Code4HR / open-health-inspection-scraper

Scraper for the open-health-inspector app.
Apache License 2.0
7 stars 9 forks source link

Publish bulk data? #16

Closed waldoj closed 10 years ago

waldoj commented 10 years ago

I know y'all provide an API, which is really great, but do you also provide (or intended to provide) bulk data? I was about to download the scraper and start running it myself, to publish bulk data, but I don't want to bang on Healthspace's servers unnecessarily, nor do I want to replicate any work that you folks are already doing or intend to do!

qwo commented 10 years ago

All the data is scraped and published on MongoLabs. Ill DM you on twitter with the deets

**Email

ttavenner commented 10 years ago

We do have a route on the API based on the LIVES format that lets you get all the vendors/inspections for a single locality. that is probably the simplest way to get bulk data given that there are 27,000 vendors in the system. But we could certainly publish the files in a downloadable format

ttavenner commented 10 years ago

Just for the sake of completeness I'm also adding in the option to search the API by city, locality, category, or type so you can whatever list of vendors suites your needs. I do still have a built in limit on the results returned (you can override it with the limit option) just for performance sake.

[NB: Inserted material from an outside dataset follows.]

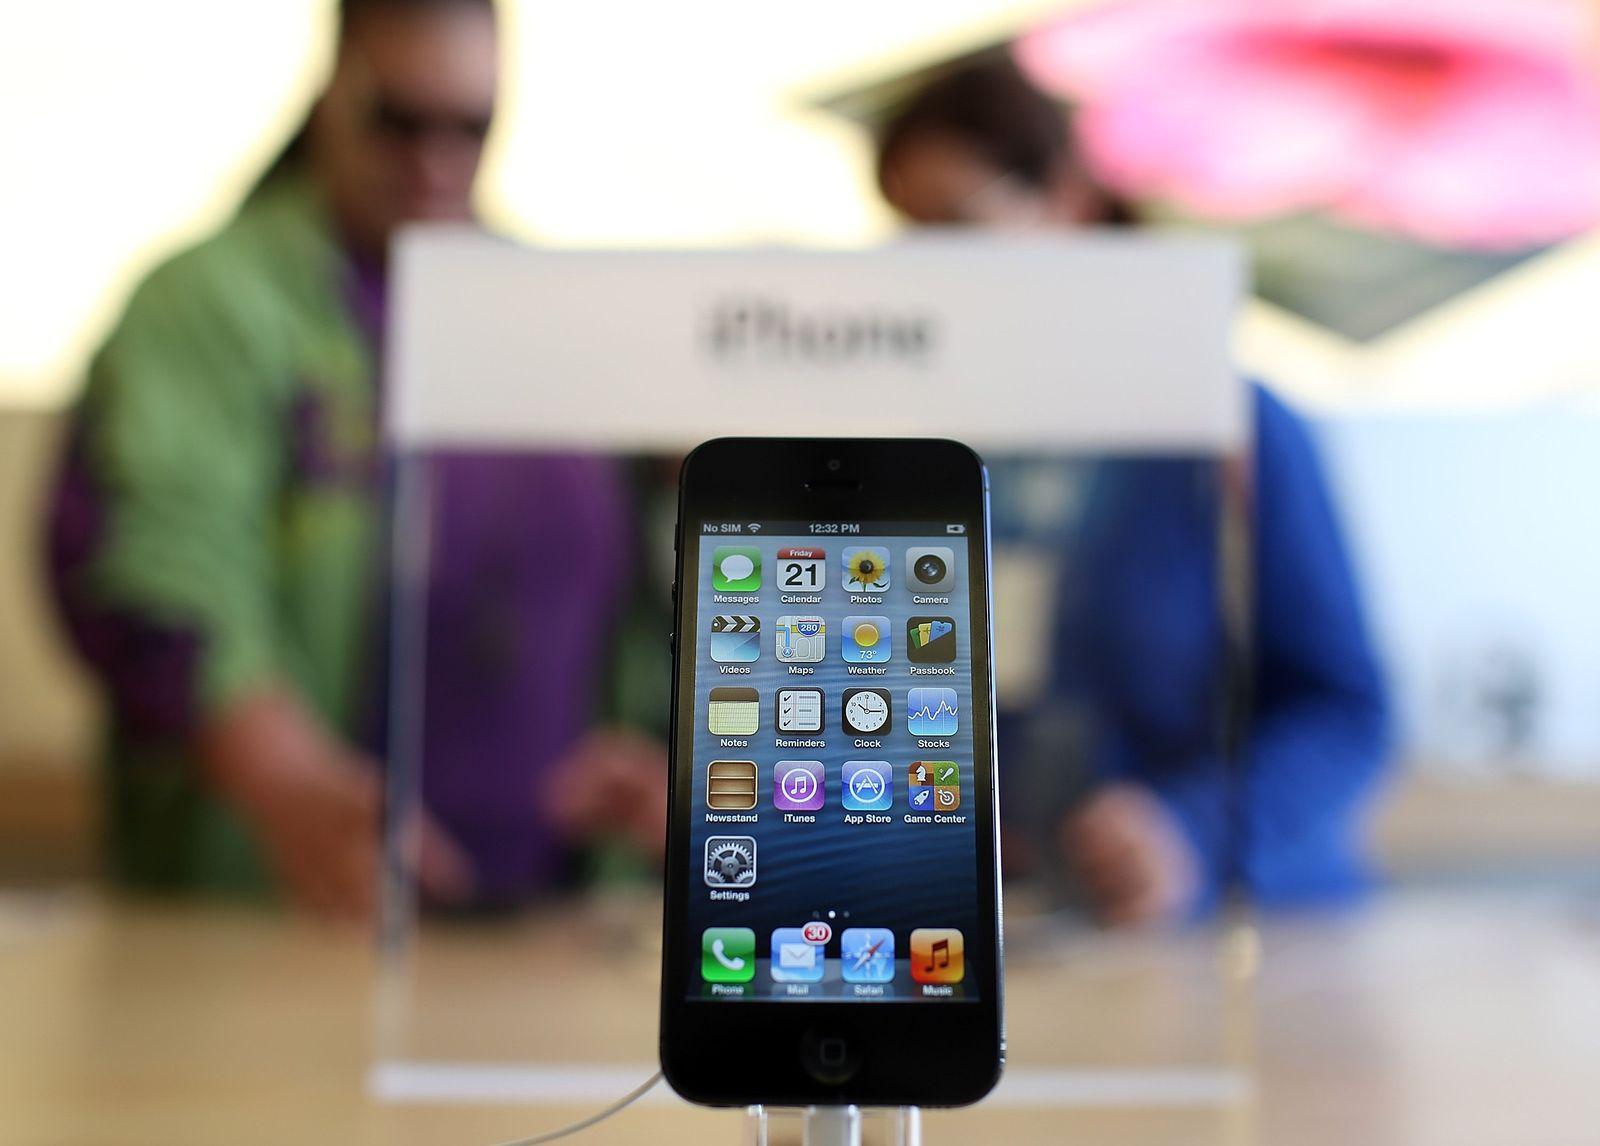 Apple / iPhone 5

waldoj commented 10 years ago

You might consider dumping all records as a big JSON file, or perhaps one JSON file per locality, and regenerating those each time the scraper runs. That would reduce people banging on the API to generate the data. APIs are great for all kinds of things, but it's easier for a lot of people to work with bulk data. I'm afraid that I don't have any Mongo experience, or else I'd file a pull request to accomplish this. :-/

FWIW, this isn't any kind of immediate need that I have, I just know that it would be useful to some folks. :) No doubt y'all have plenty on your plate, having just launched this great new service and dataset.

qwo commented 10 years ago

definitely this could be an awesome feature

big JSON file, or perhaps one JSON file per locality, and regenerating those each time the scraper runs.

@ttavenner @ryayak1460 @kalmas

ttavenner commented 10 years ago

I've got this about 90% done. There is a simple command line tool for dumping a MongoDB to JSON or CSV. I just need to expose it via a URL in the API. Will update when its available.

ttavenner commented 10 years ago

It's not pretty but you can now get bulk files at http://api.openhealthinspection.com/bulk/. Currently just in JSON format. Given the multi-dimensional nature of the data (vendors, inspections, violations), publishing the CSV takes a bit more configuration and probably will require multiple files. I have set this up to publish a new file every week after the scraper finishes running.

waldoj commented 10 years ago

Wonderful! Thanks so much for this great addition.

qwo commented 10 years ago

thank you for your feedback @waldoj, please make your rounds with this and give back any inputs like this. we really appreciate you running with it and supporting our effort :).

We also might need your connections(?), I guess to healthspace since you did mention you had talked with them before to bring them to the table if theres any issues between them and us from scraping their site.

I think we are being very mindful but if anything happens we'd love to be collaborators and cooperative.

waldoj commented 10 years ago

@stanzheng: Tell me if I can be useful! In addition to Healthspace, also very helpful was Gary Hagy, from the Virginia Department of Health. Between Healthspace and VDH, we set up a great little infrastructure, in which they would sync their database with my (MySQL) database automatically a few times each day. But we could never seal the deal, due to FOIA problems.

qwo commented 10 years ago

interesting. @waldoj do you foresee us running into the same problems you and Gary ran into?

Or what was your goaled objective, we would love to fill that need you guys were trying to find. I am always interested in hearing about the useful cases for the project so we can steer it in the correct direction and make it as useful as possible to community at large.

best,

waldoj commented 10 years ago

do you foresee us running into the same problems you and Gary ran into?

Oh, no, since you're not FOIAing the data. :) You can see their CSV format at the repository that I set up while waiting for the data feed that never came.

Or what was your goaled objective, we would love to fill that need you guys were trying to find.

I didn't have one! I simply knew that this is really useful data, and it should be available to people. Period. There were only three specific things that I planned on doing with the data:

  1. Making it available to Yelp (or any other entity that wanted it).
  2. Creating a website with inspection data, designed to be indexed by Google, to make the data accessible to people.
  3. Devising a rating system to grade each restaurant, using open, practical, defensible metrics that would provide people with a fair, at-a-glance understanding of how a restaurant has performed.